How To Create A Phishing Mail - Step-by-Step Guide

Many people believe that phishing emails require sophisticated expertise in hacking.

Surprisingly, this is not the case at all.

You would be surprised by how easy it is to create phishing mail. This post will demonstrate how to effectively trick your target into giving you his credentials, using a simple phishing attack.  

For this example, we will use Kali Linux and the Social Engineering Toolkit. Let's take a look at it!

How to create a phishing mail

Type the following command: sudo setoolkit

By using this command, we are starting the Social Engineering Toolkit.

Next, we can select different vectors that we wish to perform.

Feel free to try out different vectors to get used to the different attack methods. We are using the Website Attack Vector since we want to trick our victim into giving us his credentials by using a fake website.

As you can see, you have several options in this toolkit.

You have the possibility to Pen Test or dive into Social Engineering attacks. For this example, we will only focus on Social Engineering attacks.

Next, there are various types of attack methods.

Our mission is to steal credentials and to get access to sensitive information. Therefore, we will select number 3, Credential Harvester Attack Method.

For this blog post, I will show you how you can get ahold of credentials by using a Web Template and a Site Cloner.

Kali asks you to enter your IP address. In my case, I am using a virtual machine on VirtualBox. I had my network configuration settings on NAT Network, but for the Social Engineering toolkit to work properly, you will have to switch it to NAT.

If you are asked to enter your IP address, and it is already displayed in brackets, you can simply press enter and continue your mission.

Let's start with a Web Template.

The toolkit offers 3 templates that can be used. The most attractive ones to us are Google and Twitter. We start by selecting Google.
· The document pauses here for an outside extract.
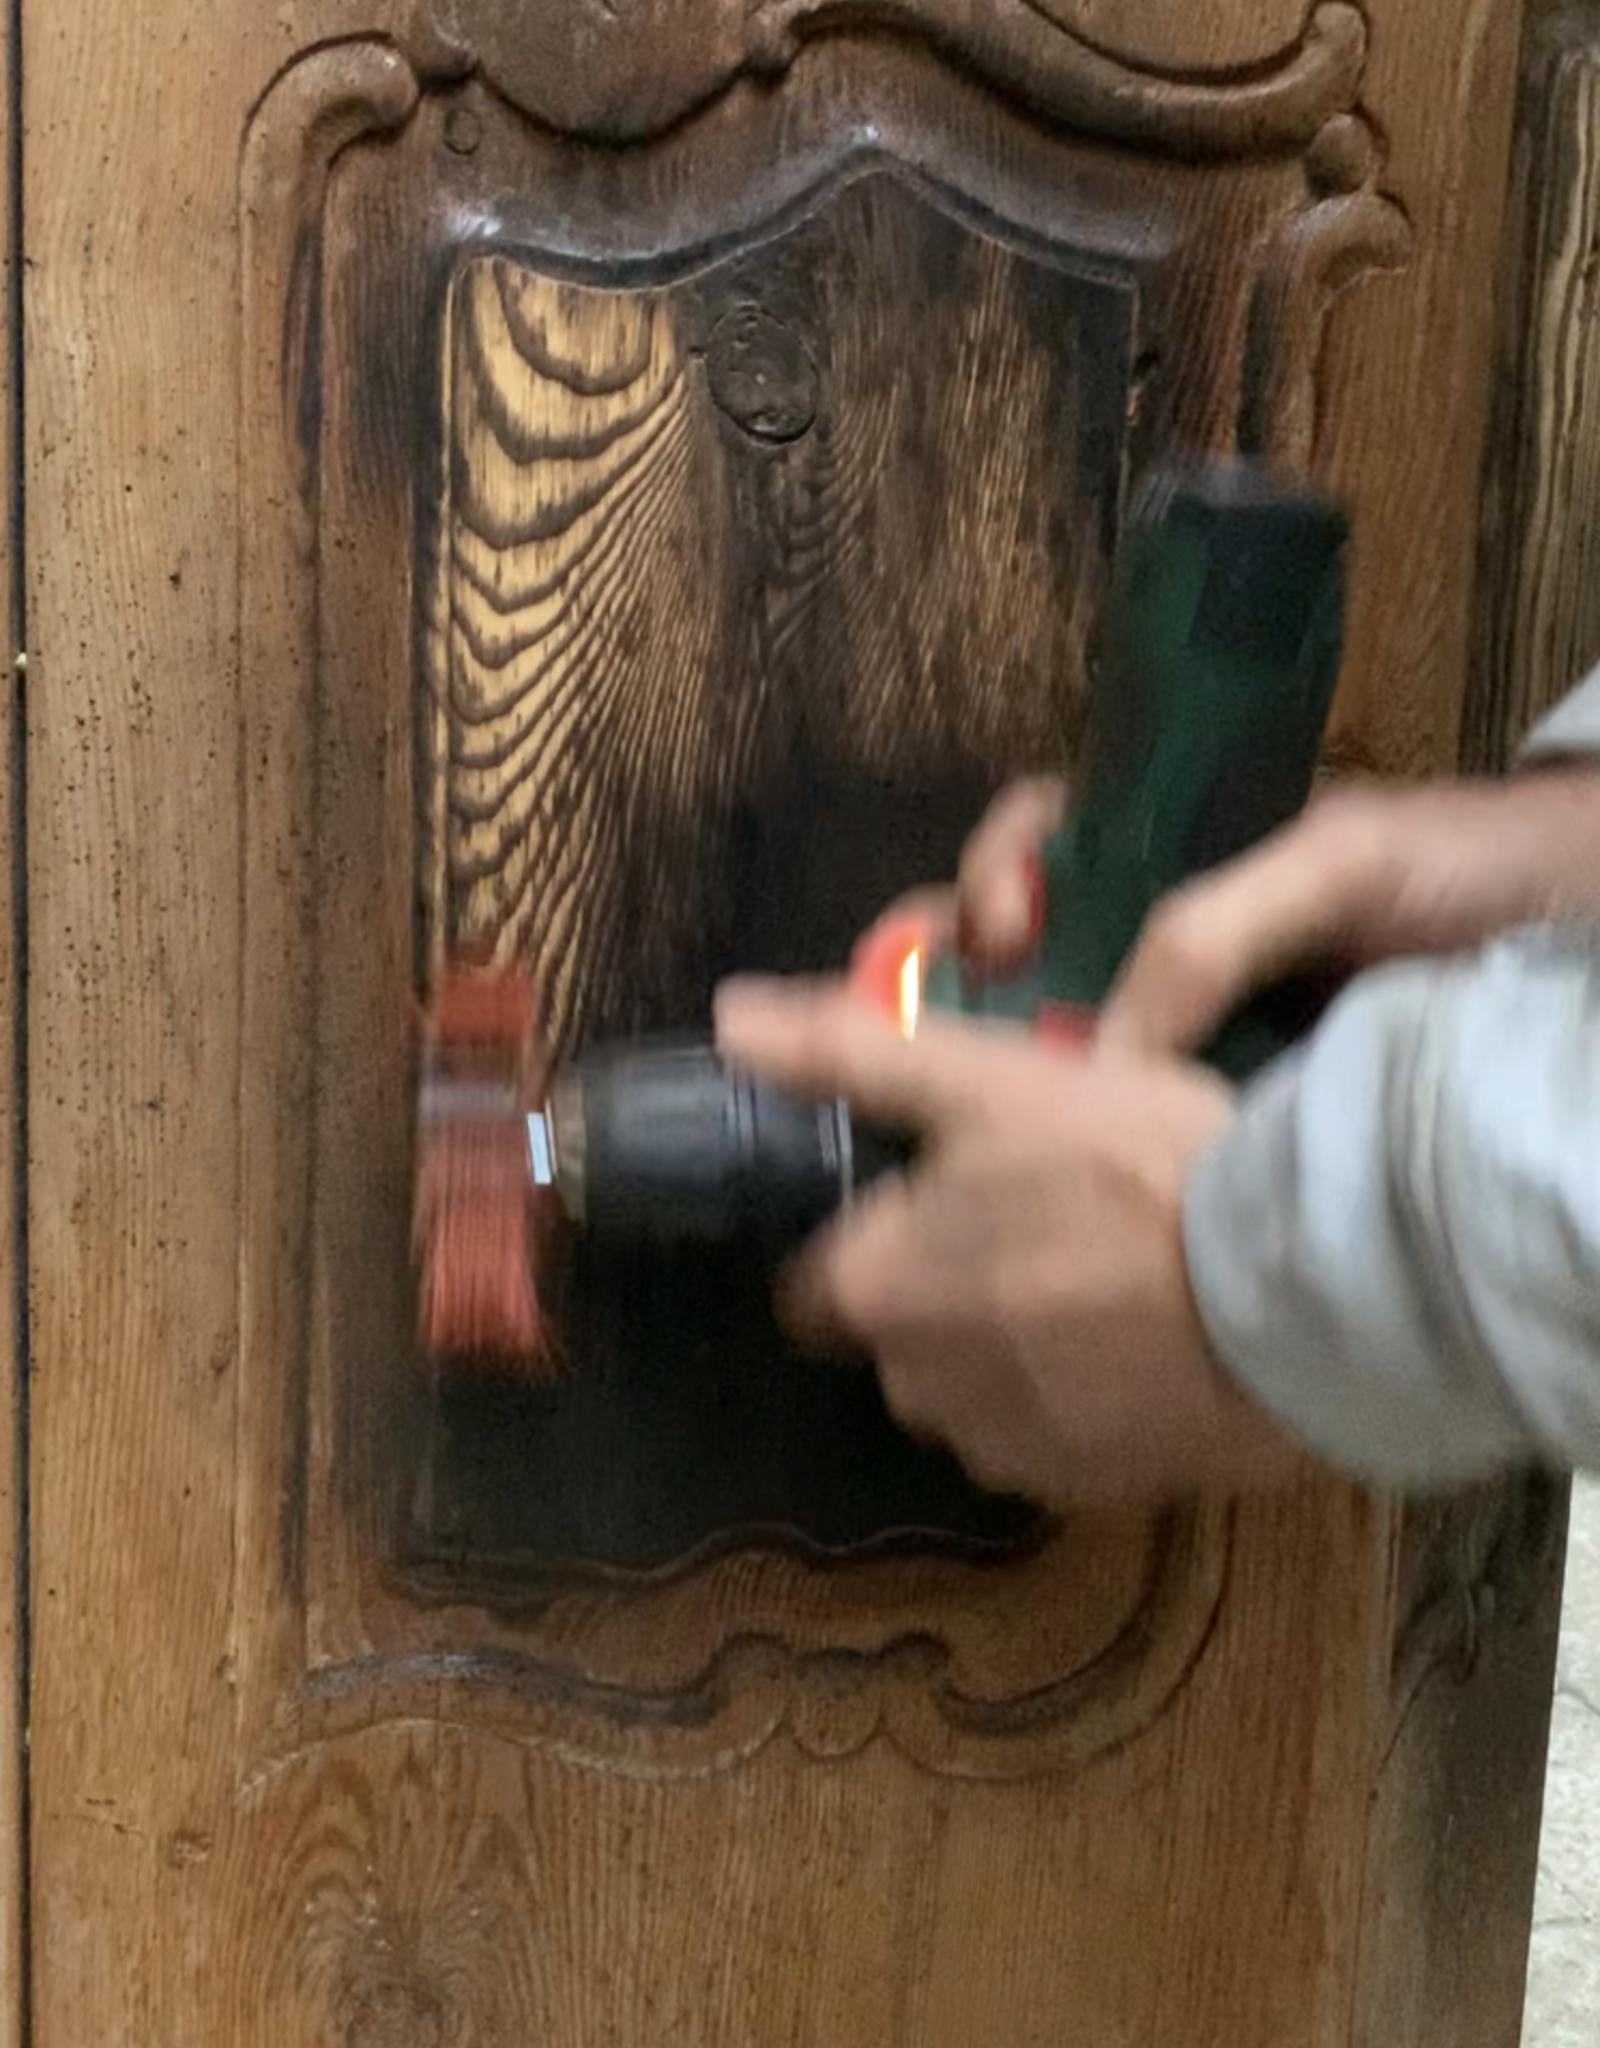 Antiker Bauernschrank aufwendig renoviert in einer alten japanischen Technik. Flamed Wood  Technik bearbeitet

After we select Google, the website will be cloned and the terminal will look as follows:

If we type in our IP address (10.0.2.8) on the web, we will be redirected to the cloned website.
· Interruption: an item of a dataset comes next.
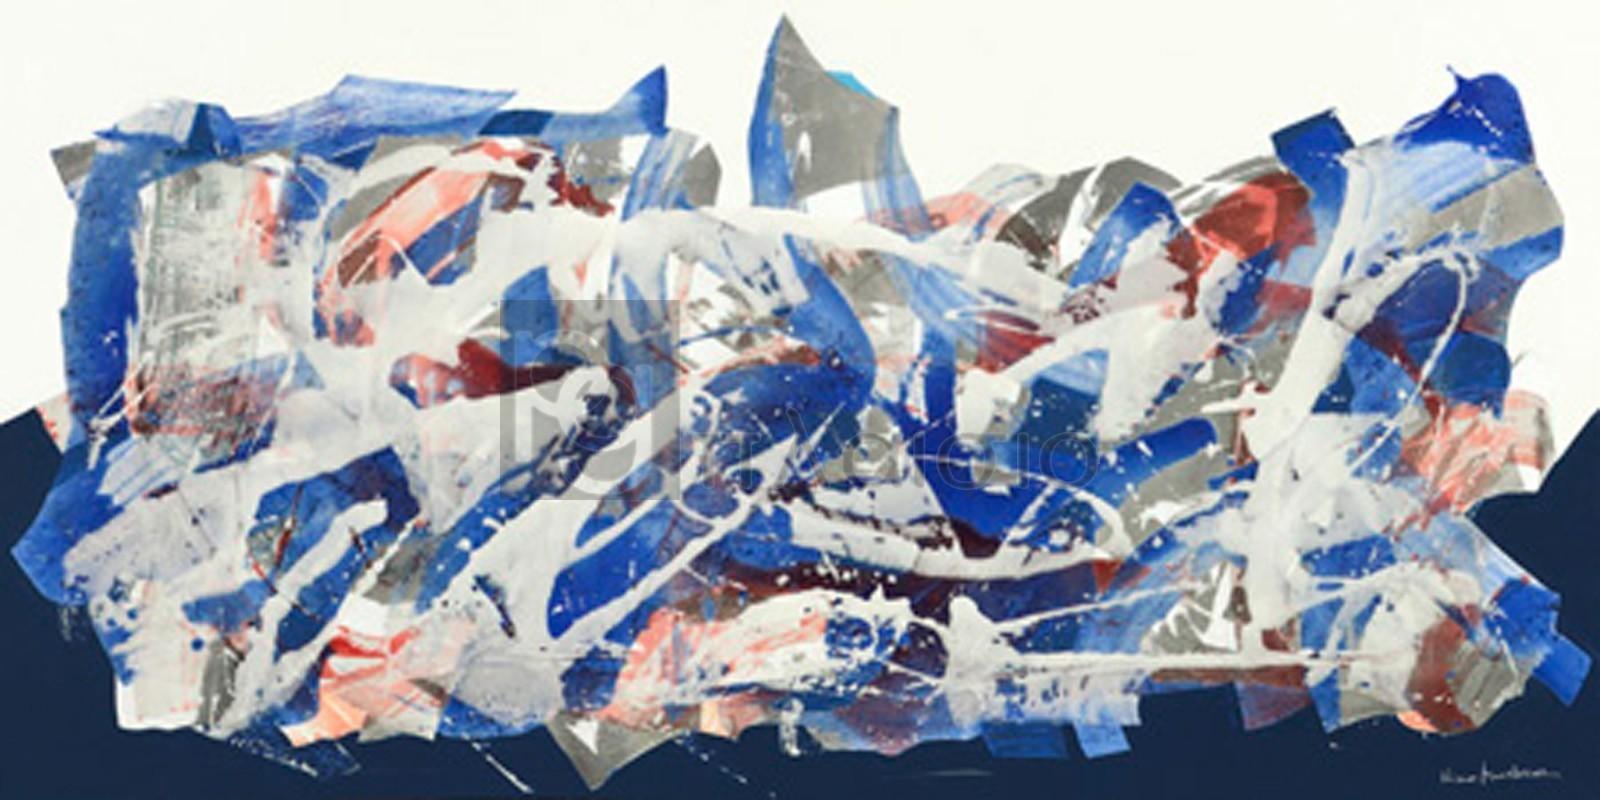 NINO MUSTICA - Lunedì 30 Luglio 2012, dettaglio II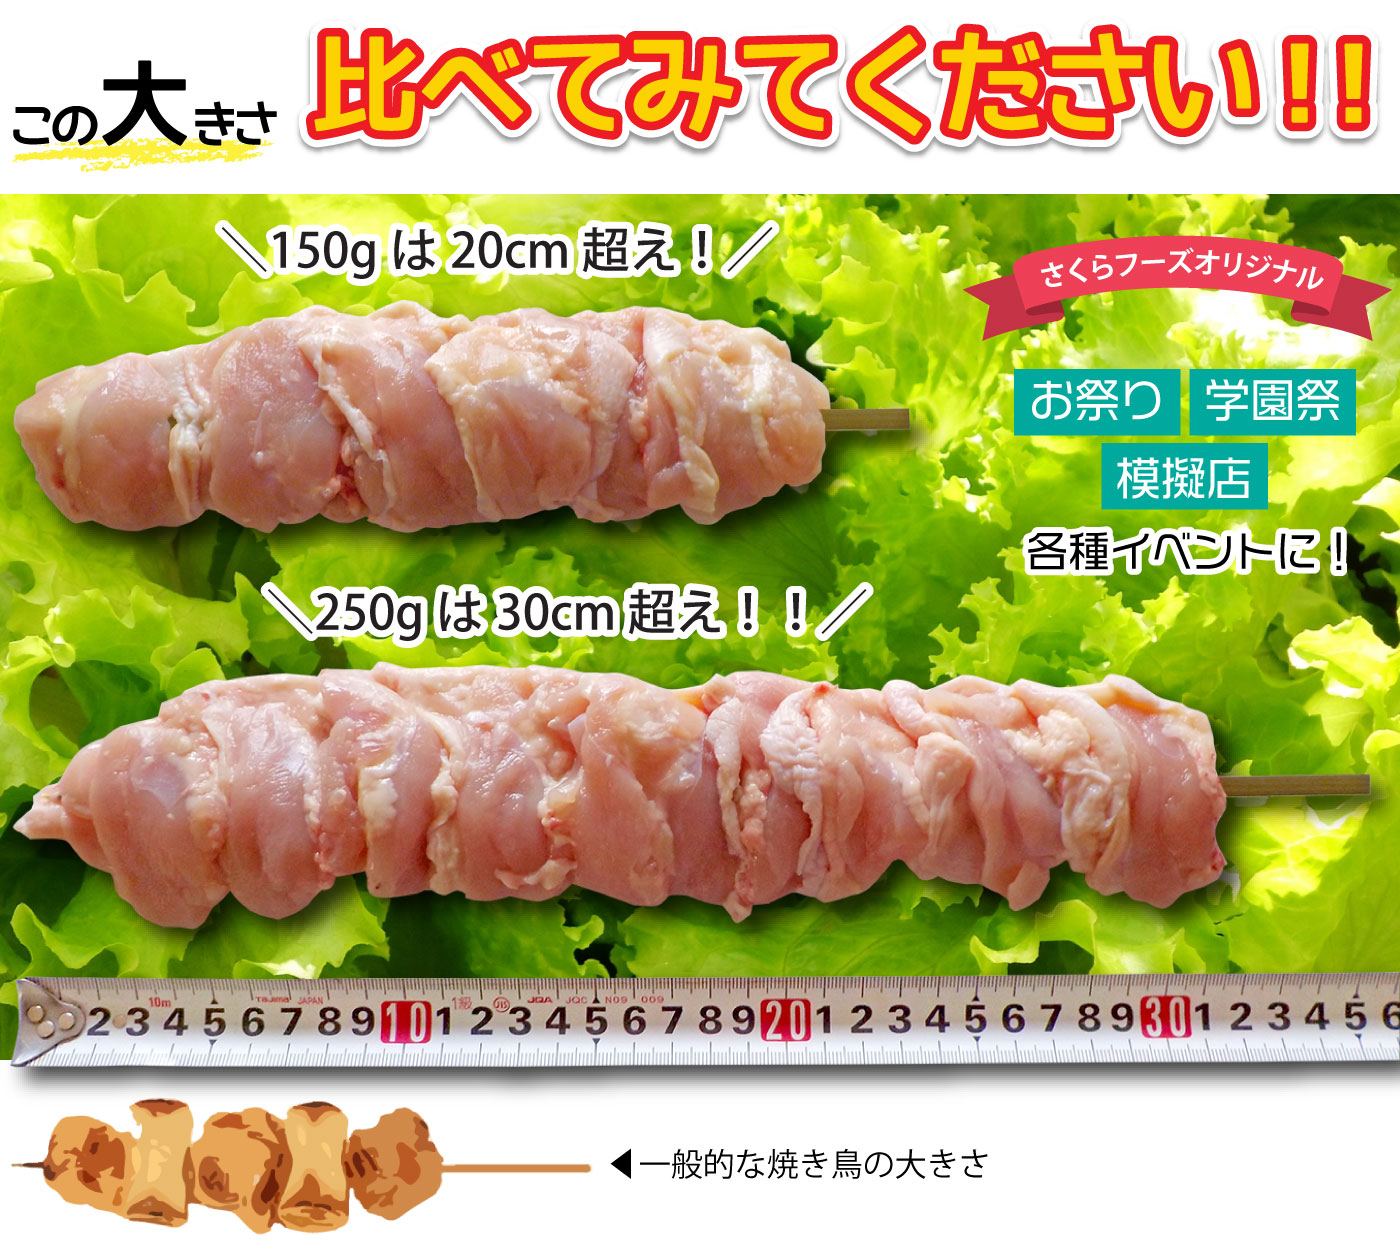 さくらフーズオリジナル ジャンボやきとり ワイルド鶏串

The cool part about this is, that it looks just like the real Google Website and your target can be easily fooled into giving their credentials away.

Let's see what happens if I type in an email and a password.

How can I see what the target is typing?

Let's take a look at my terminal.

The victim is entering his credentials:

My terminal:

And there you go. As you can see, we now have access to the victim's Google account. I have a session running on my terminal, waiting for the victim to type in his credentials.

This is how phishing works.  

However, so far I have shown you how to clone a website and trick the target into giving me his credentials.

But how can we send an actual email to someone and get their credentials?

We already created a fake website, all we have to do is send out an email.

Let's goo!

First, open a new terminal tab and start the toolkit.

Again, we select the Social Engineering Attack, but this time we choose Mass Mailer Attack.

This will bring us to the following options:

For this example, I will choose the E-Mail Attack Single Email Address.

This is where the magic happens. Take a close look at the next screenshot and see if you can follow my steps.

I have to enter the target's email address, enter my email address, and enter a made-up email address that the victim will see in his inbox.

To create the mail, I have to enter my email password for verification and then I can choose, if I want to attach a file to this mail, which could, for example, trigger a virus on the victim's computer, if he would click on it.

However, there are so many malicious options that I can do, which is so fascinating, but, we will only write a plain text message and send it to the target's email address.

The screenshot above shows the mail that the victim receives in his inbox.

It just looks like any other mail.

As soon as the target clicks on the link, he will be redirected to the cloned Google website.

Unknowingly, he/she will enter the credentials to their account, while we are "listening" on our command shell.

This is how we can get full access to the victim's account.

Conclusion

This is just a simple example and experienced hackers develop more refined approaches to make the phishing mail look more credible, with a link that does not look as suspicious as mine.

There are methods to adjust the link, so it looks more believable.

But for now, that should be enough.

Hopefully, that showed you how shockingly easy it is to trick people into getting their credentials.